Channel 2 Action News received dozens of phone calls in the minutes following the quake.

We're working to learn if there was any damage in Georgia, on Channel 2 Action News at Noon

We spoke to Geophysicist Robert Sanders from the U.S. Geological Survey on Channel 2 Action News This Morning who said that aftershocks will be possible throughout the day after the quake.

[DOWNLOAD: WSB-TV's News App for alerts on any new aftershocks]

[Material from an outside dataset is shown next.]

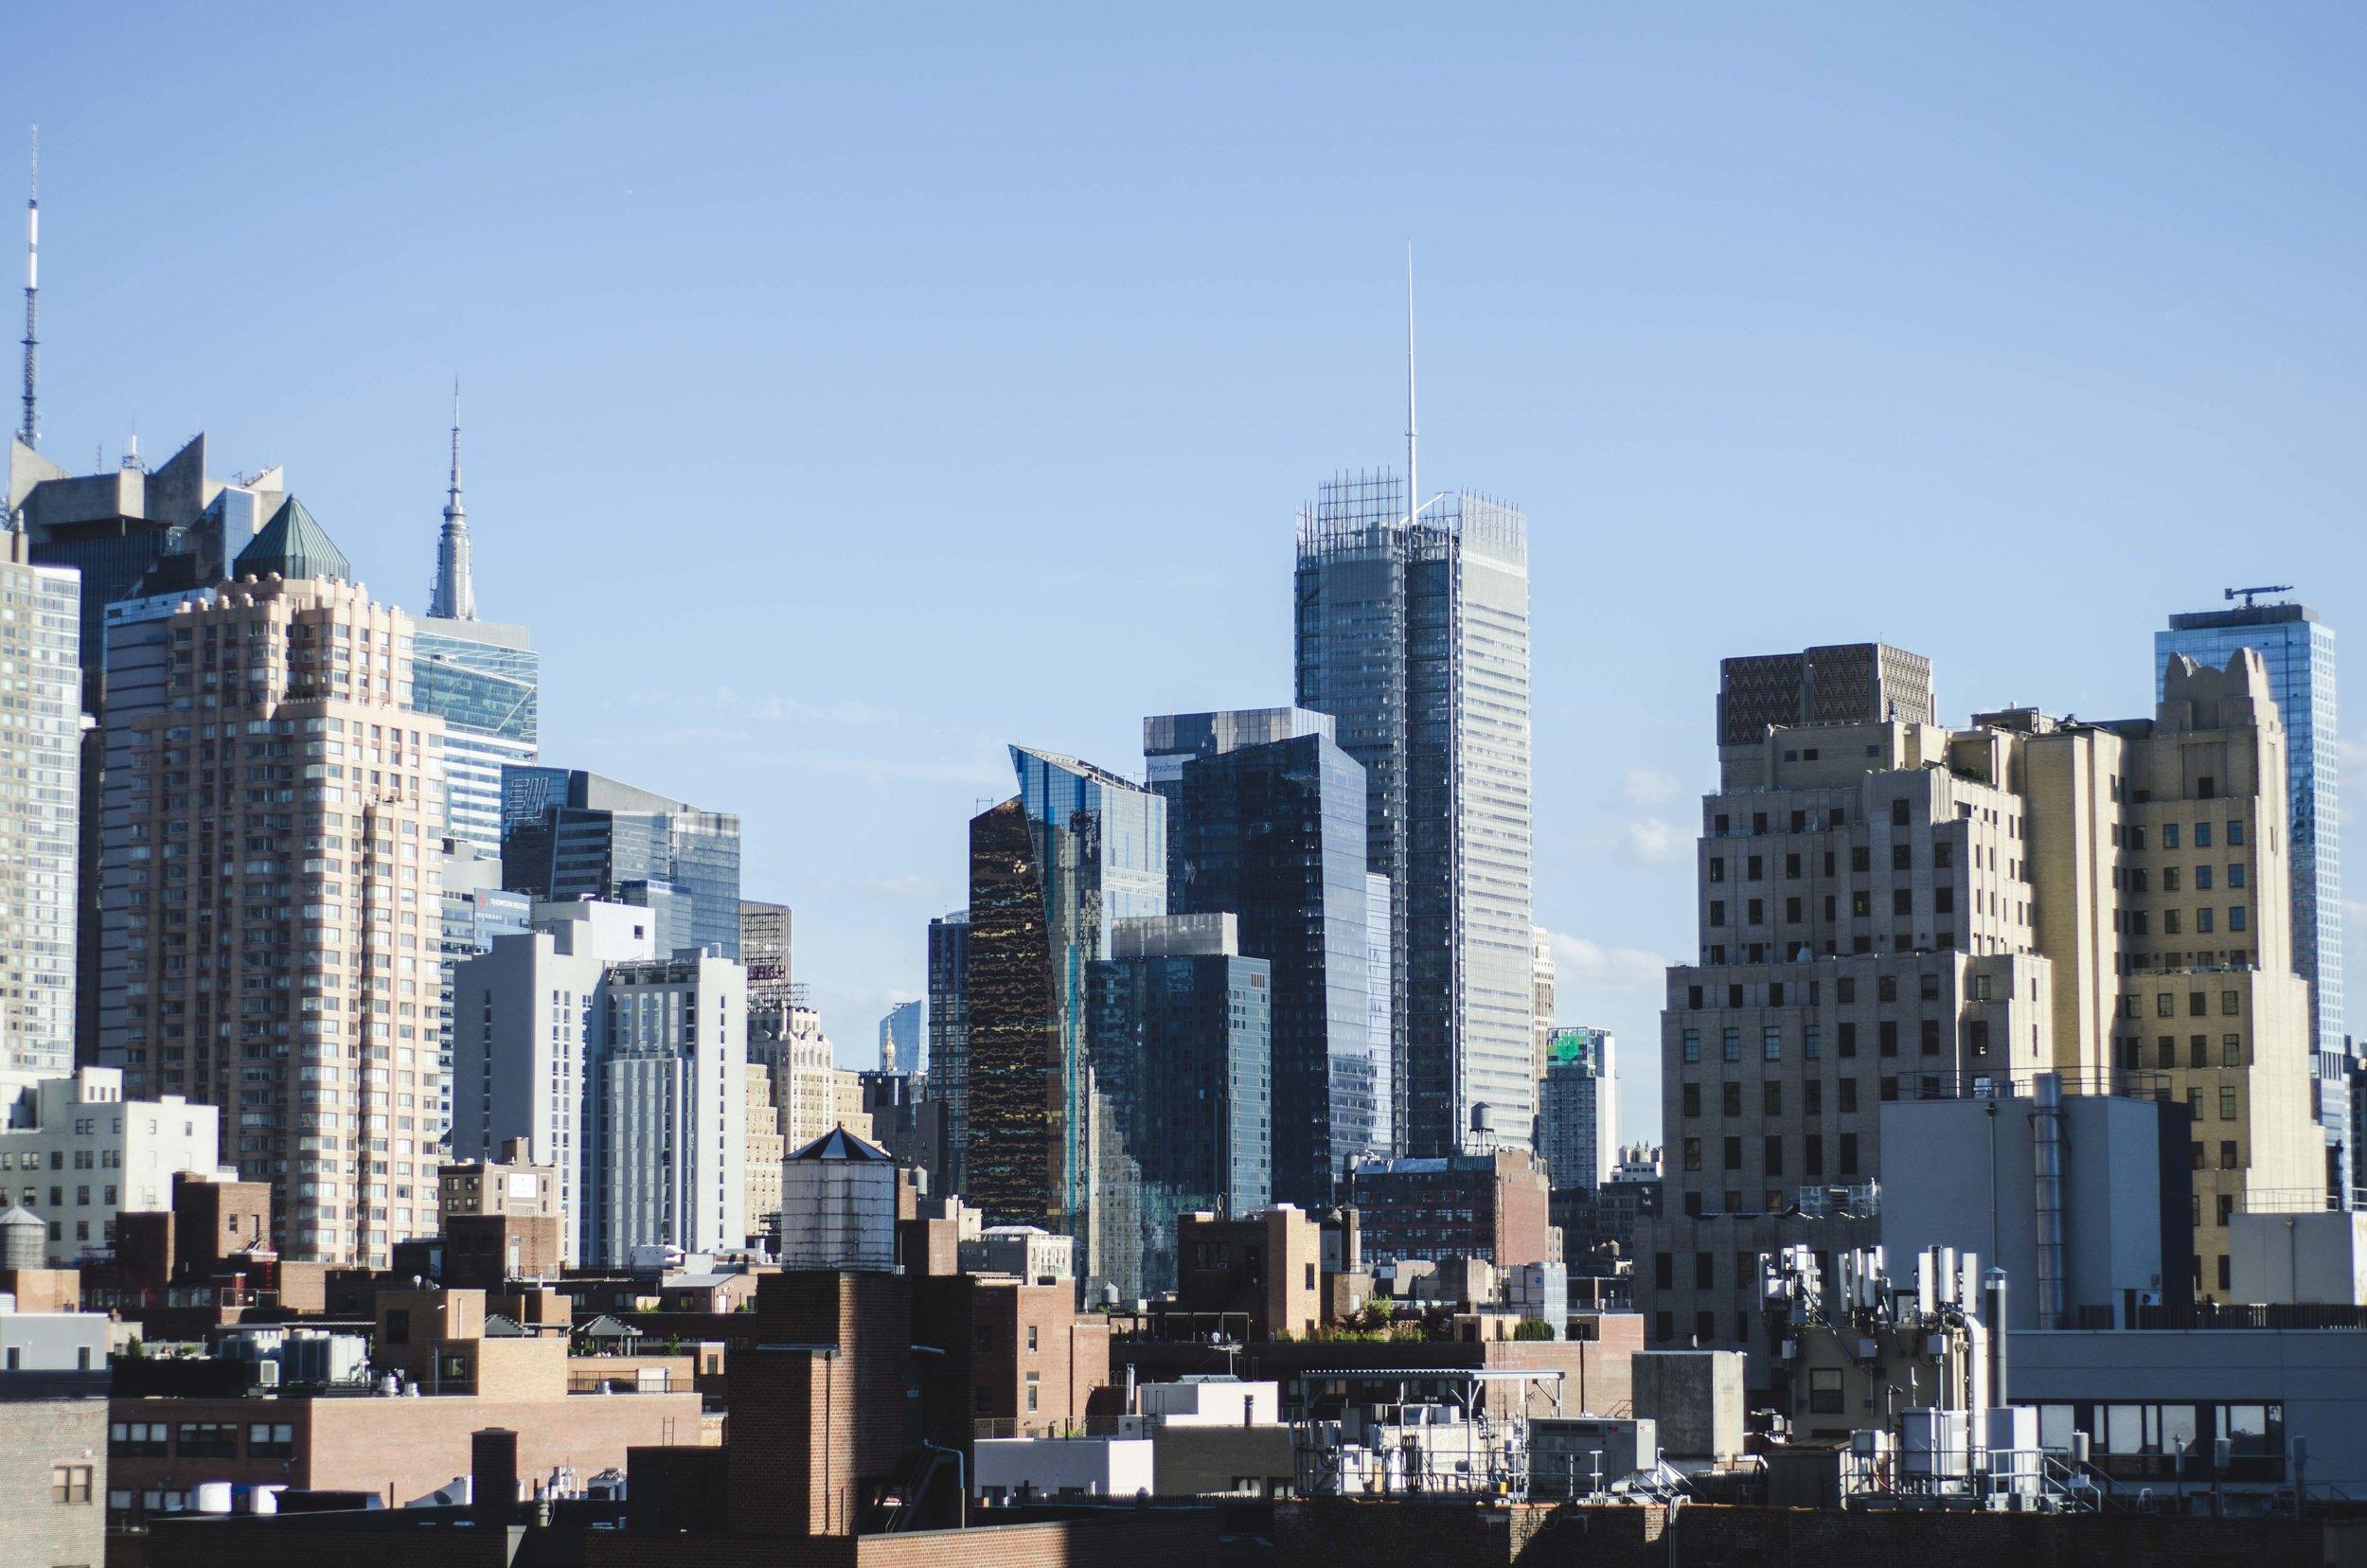 NYC_26.jpg

The earthquake was the second strongest on record in East Tennessee, according to the USGS. The strongest was a magnitude 4.7 near Maryville in 1973.


----------



## Alta Angel (Dec 12, 2018)

Sure did!  Our windows shook violently this morning for a moment.  I thought it was a sudden storm, a windsheer, or a thunderstorm.


----------



## FemmeCreole (Dec 14, 2018)

I was in Powder Springs that night. Didn’t feel a thing. I woke up to news reports about it.


----------



## itsallaboutattitude (Dec 16, 2018)

I slept thru it. My sister who is 3 mi away felt it.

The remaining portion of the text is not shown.